00:02:02.210 Lack of meaning generally comes from code being unreachable, redundant, or otherwise without any real effect. Once we find code like that, we can either make it meaningful if it fits our original intention or just get rid of it.
00:02:38.950 Mutation testing puts these two concepts together by ensuring, first, that our code is meaningful so that the changes we make have a noticeable effect.
00:02:49.660 Then, it ensures that our tests are strict enough to notice that change and fail. Now, not all the tests have to fail, but each change should make at least one test fail.
00:03:02.310 Mutation testing does all this by mutating copies of our code, hence the name. It does this with the intention of creating test failures, otherwise known as false.

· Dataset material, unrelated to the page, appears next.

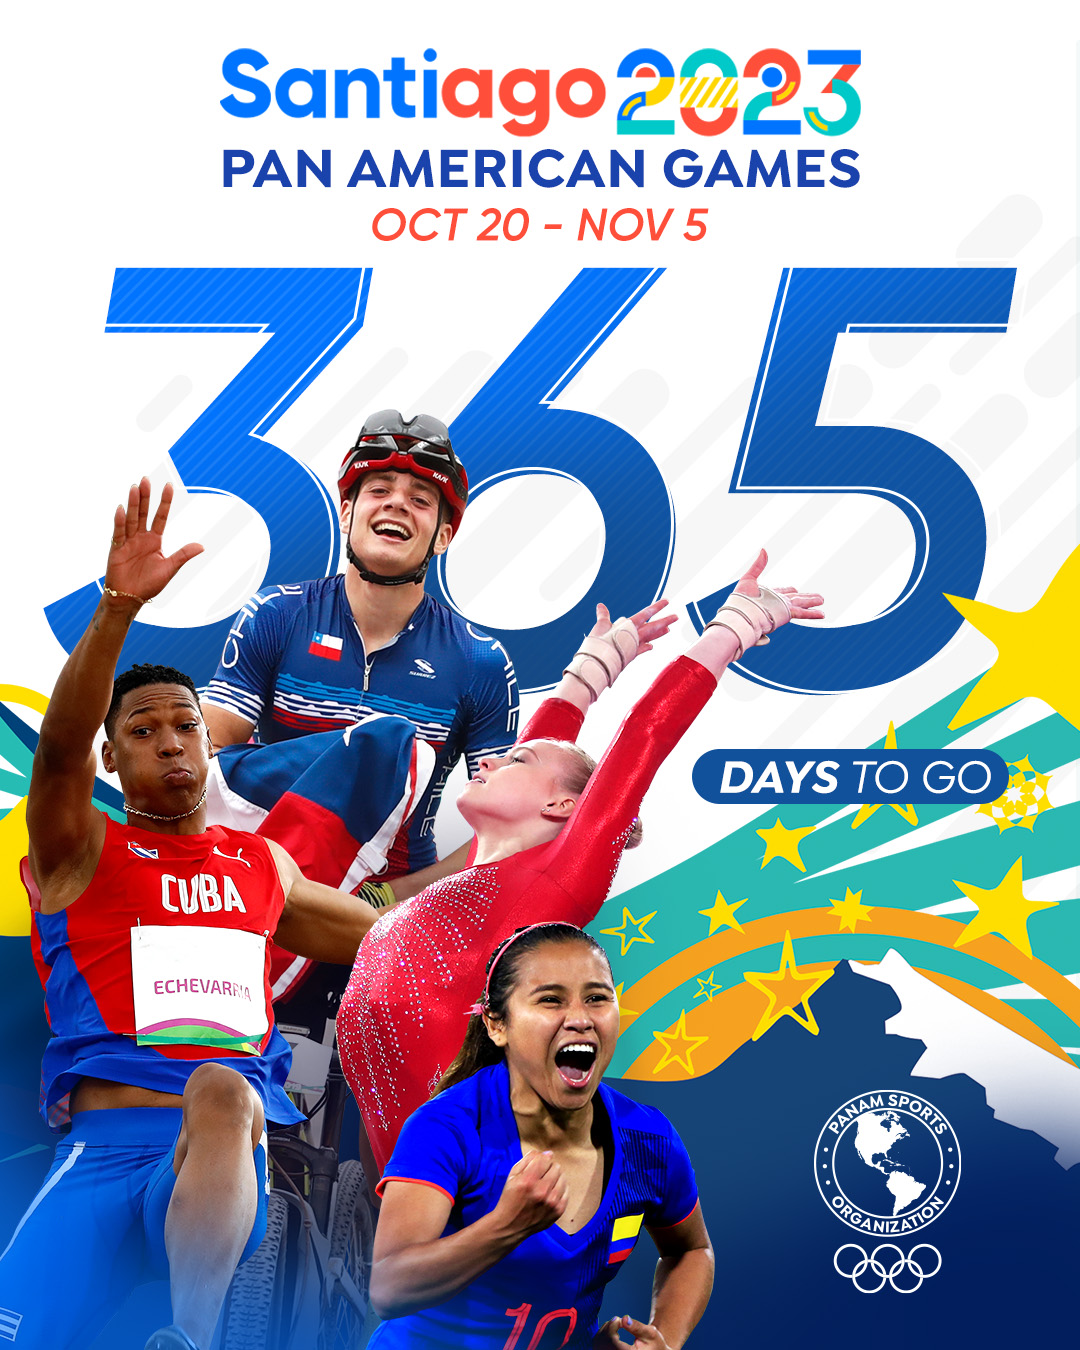 The One Year Countdown to the Santiago 2023 Pan American Games has officially begun as athletes prepare for the continent’s most important multisport event that will be held for the first time on Chilean soil.(Image via: panamsports.org)

00:03:20.670 So, mutation testing can be categorized as a fault-based testing technique. This means it is sort of related to something you're already familiar with: Chaos Monkey from Netflix. Just like Chaos Monkey helps Netflix find flaws in their error recovery process, mutation testing helps us find flaws in our test suite and in our code.
00:03:34.440 However, the way mutation testing works is sort of upside down from how Chaos Monkey works. Chaos Monkey does many things, but it's best known for injecting faults, such as dropped connections, into Netflix’s production network.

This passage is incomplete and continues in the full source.